• _WHAT NEEDS TO BE DONE_:
Below this line are records; write out exactly the lines from the one containing "Black Obsidian Natural" through the one containing "Ohne Umwege zum", with the pictures left out.

RECORDS TO USE Start Marker

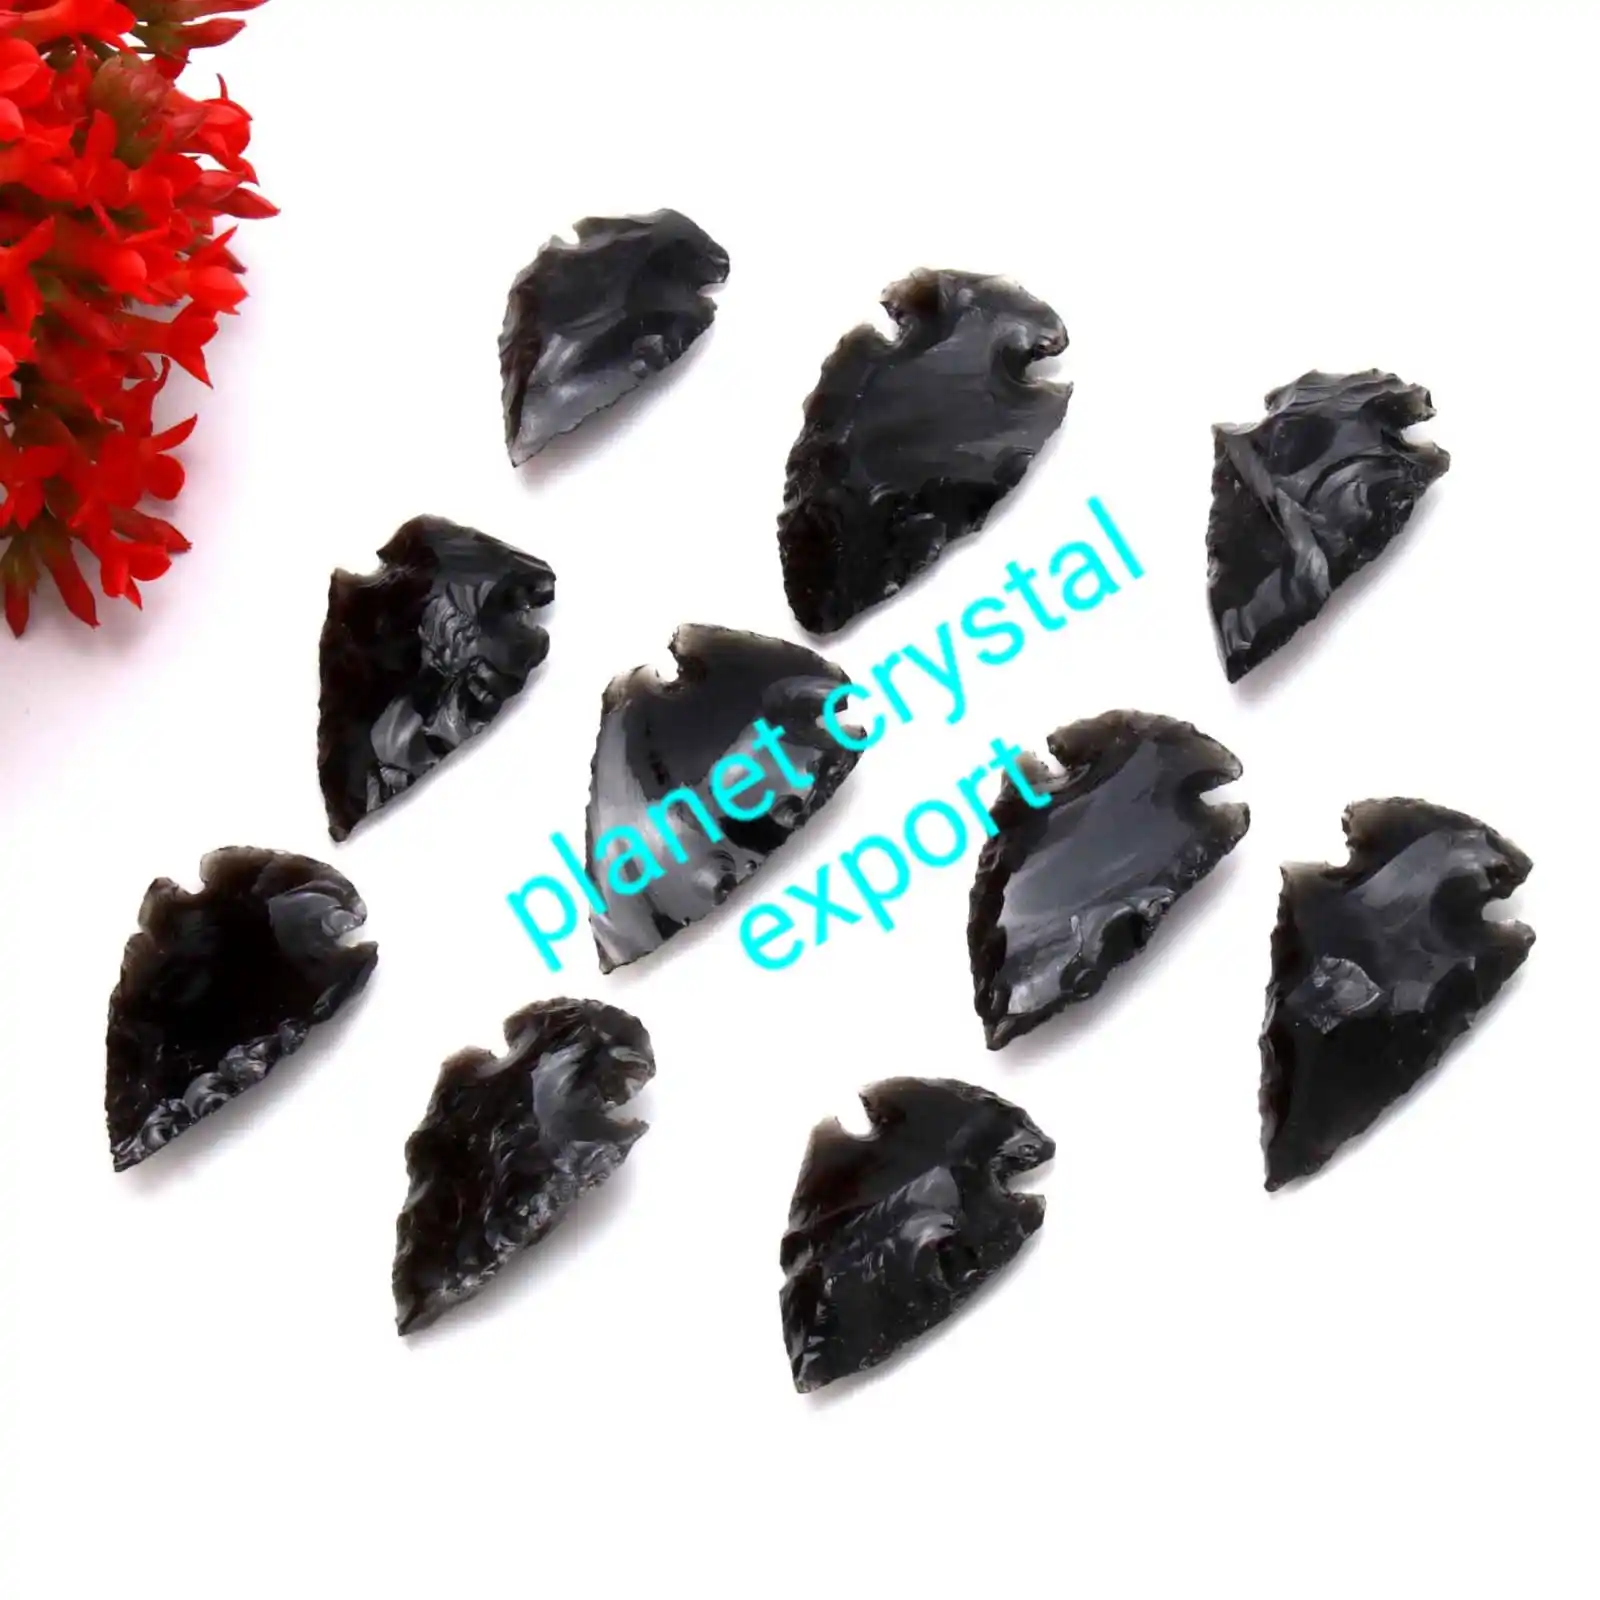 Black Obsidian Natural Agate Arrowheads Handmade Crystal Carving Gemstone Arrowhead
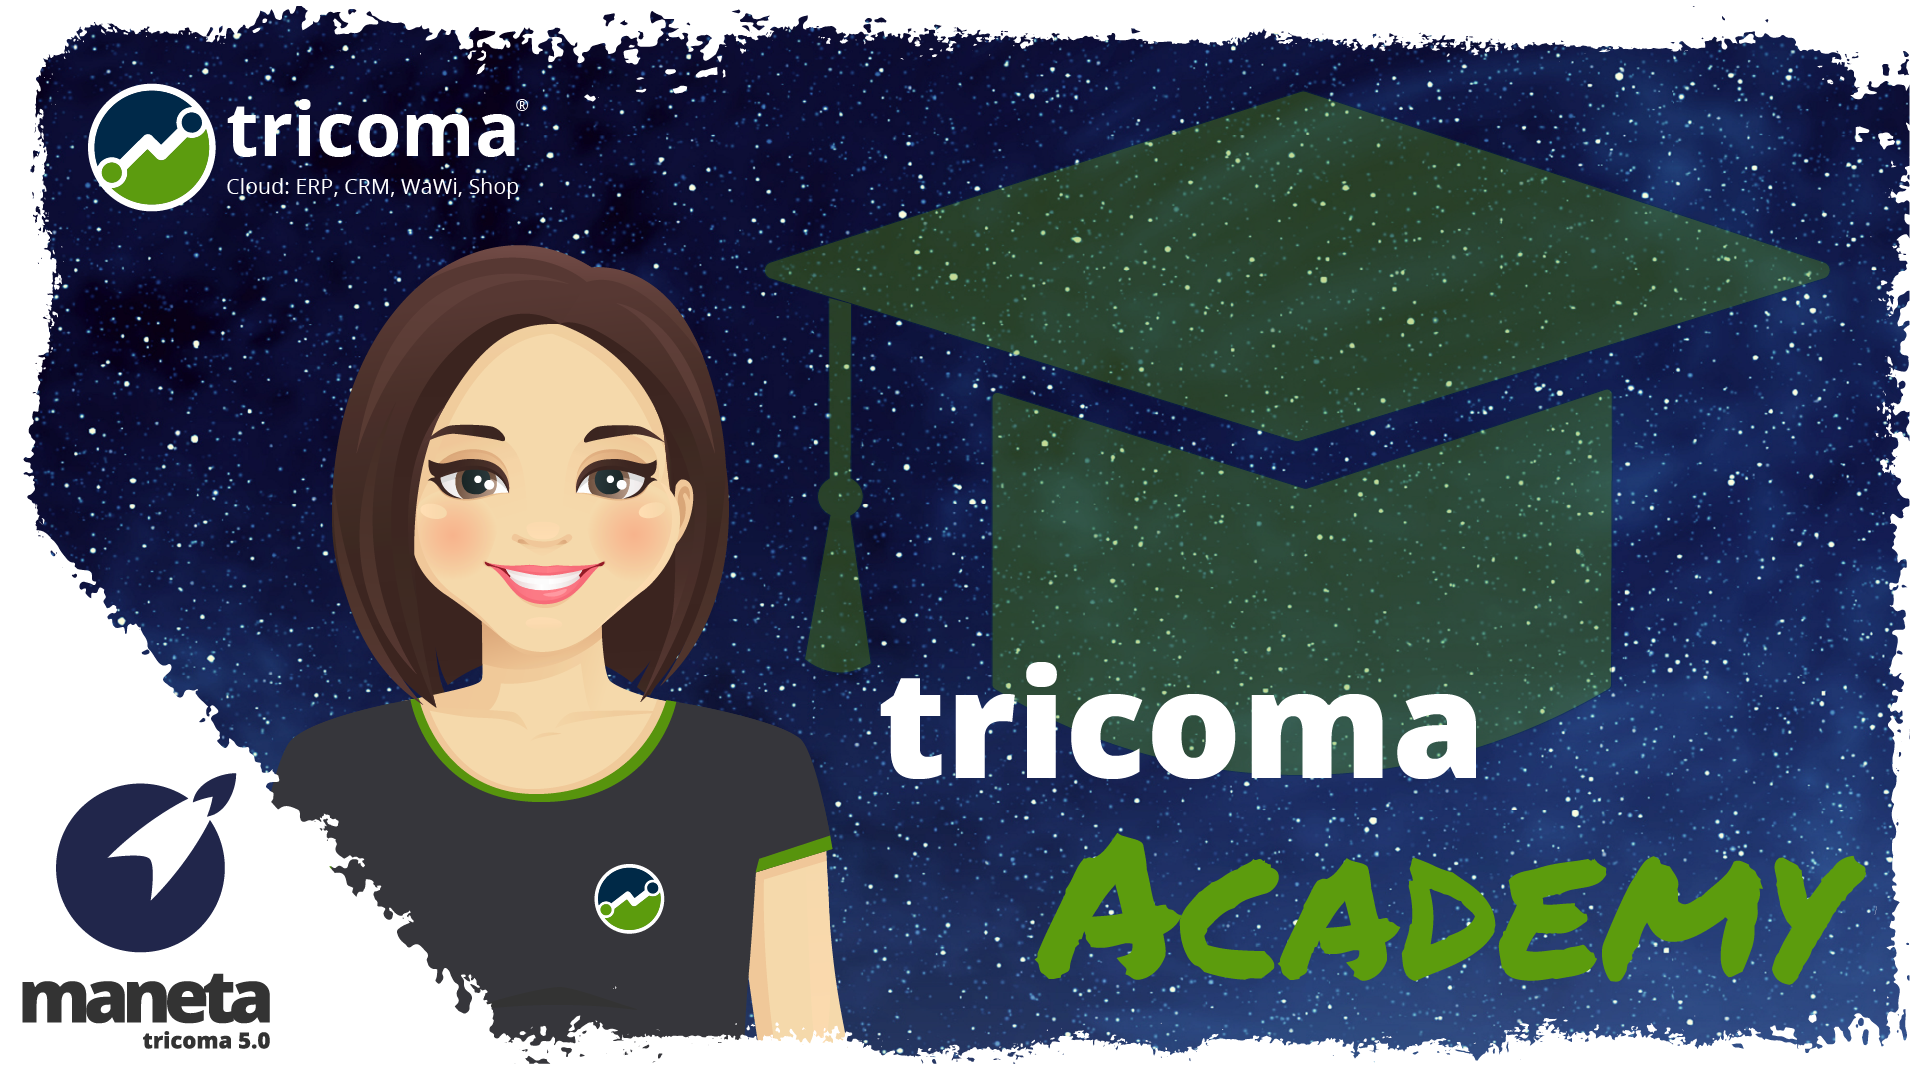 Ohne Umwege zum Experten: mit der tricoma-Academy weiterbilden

RECORDS TO USE End Marker
RECORDS TO USE Start Marker

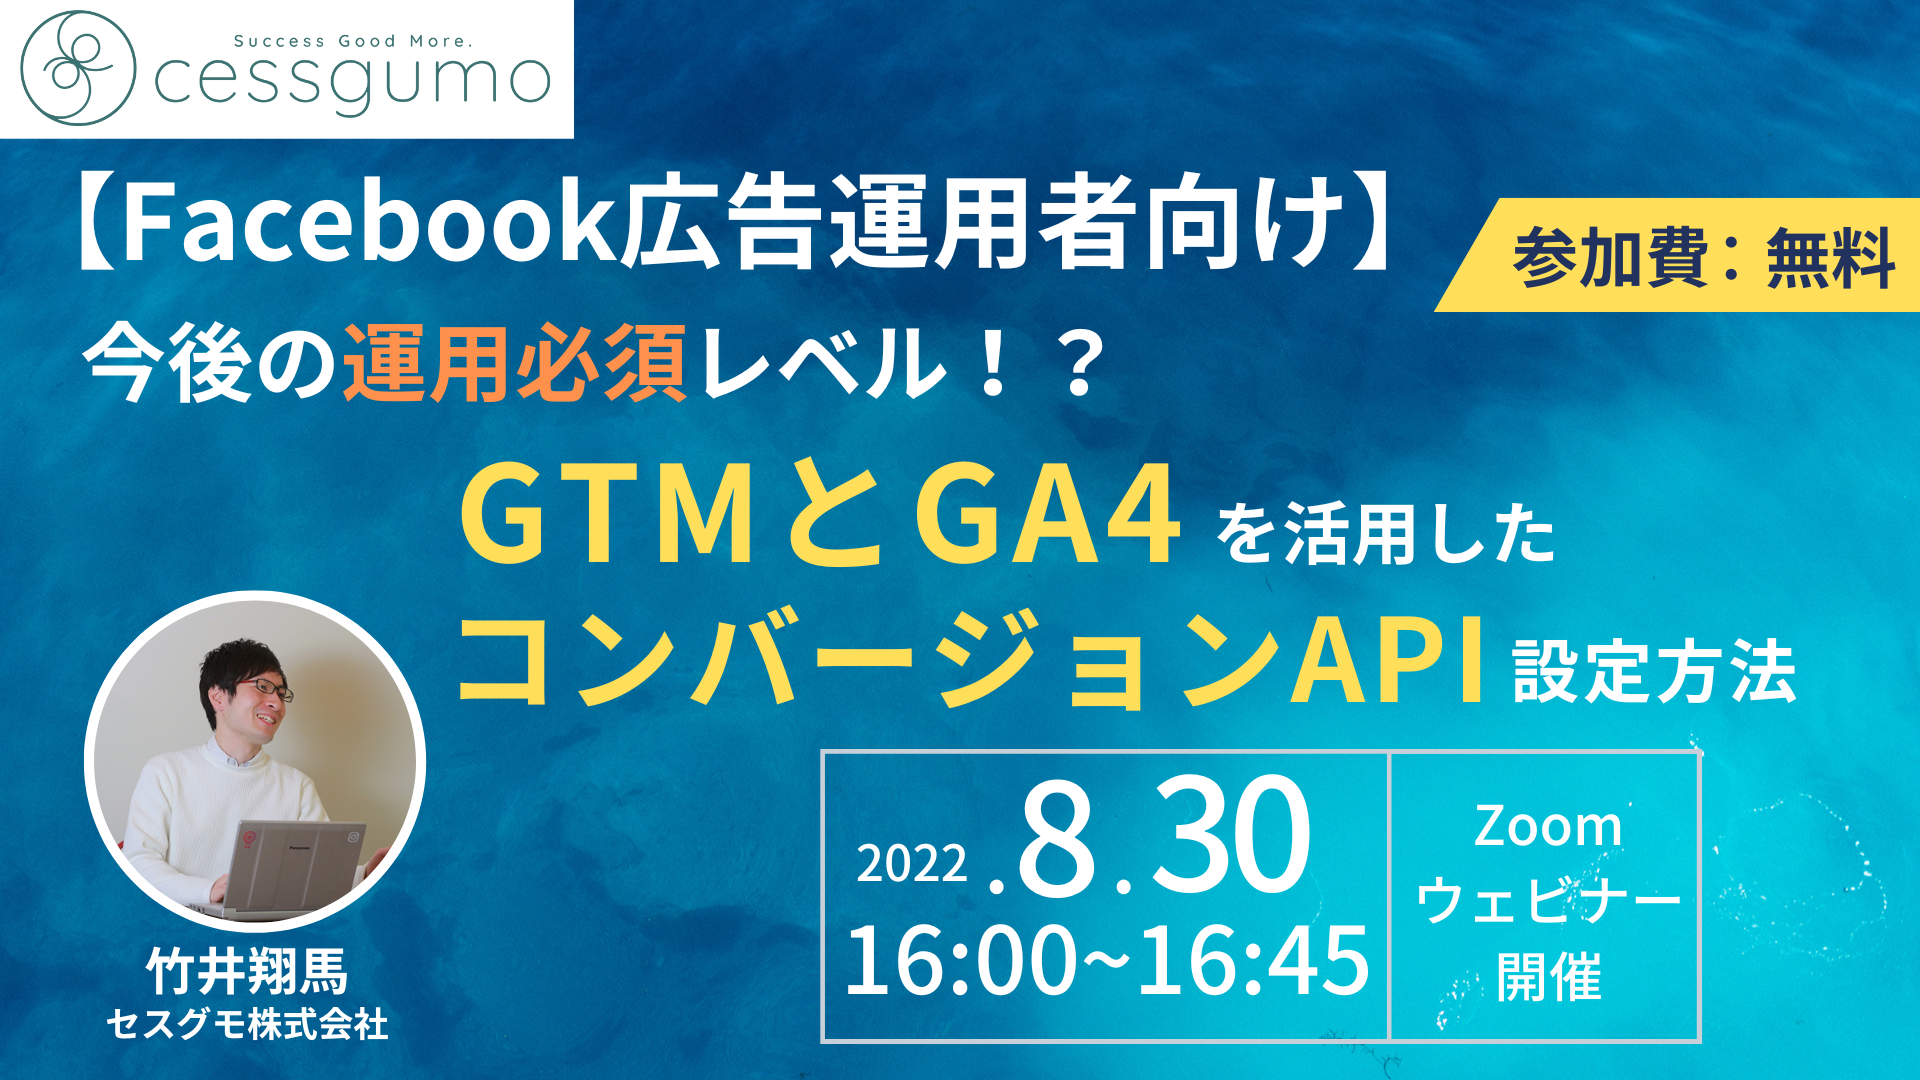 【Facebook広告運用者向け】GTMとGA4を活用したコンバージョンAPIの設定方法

RECORDS TO USE End Marker

• _SOLUTION TO THE PROBLEM_:
 Black Obsidian Natural Agate Arrowheads Handmade Crystal Carving Gemstone Arrowhead
 Ohne Umwege zum Experten: mit der tricoma-Academy weiterbilden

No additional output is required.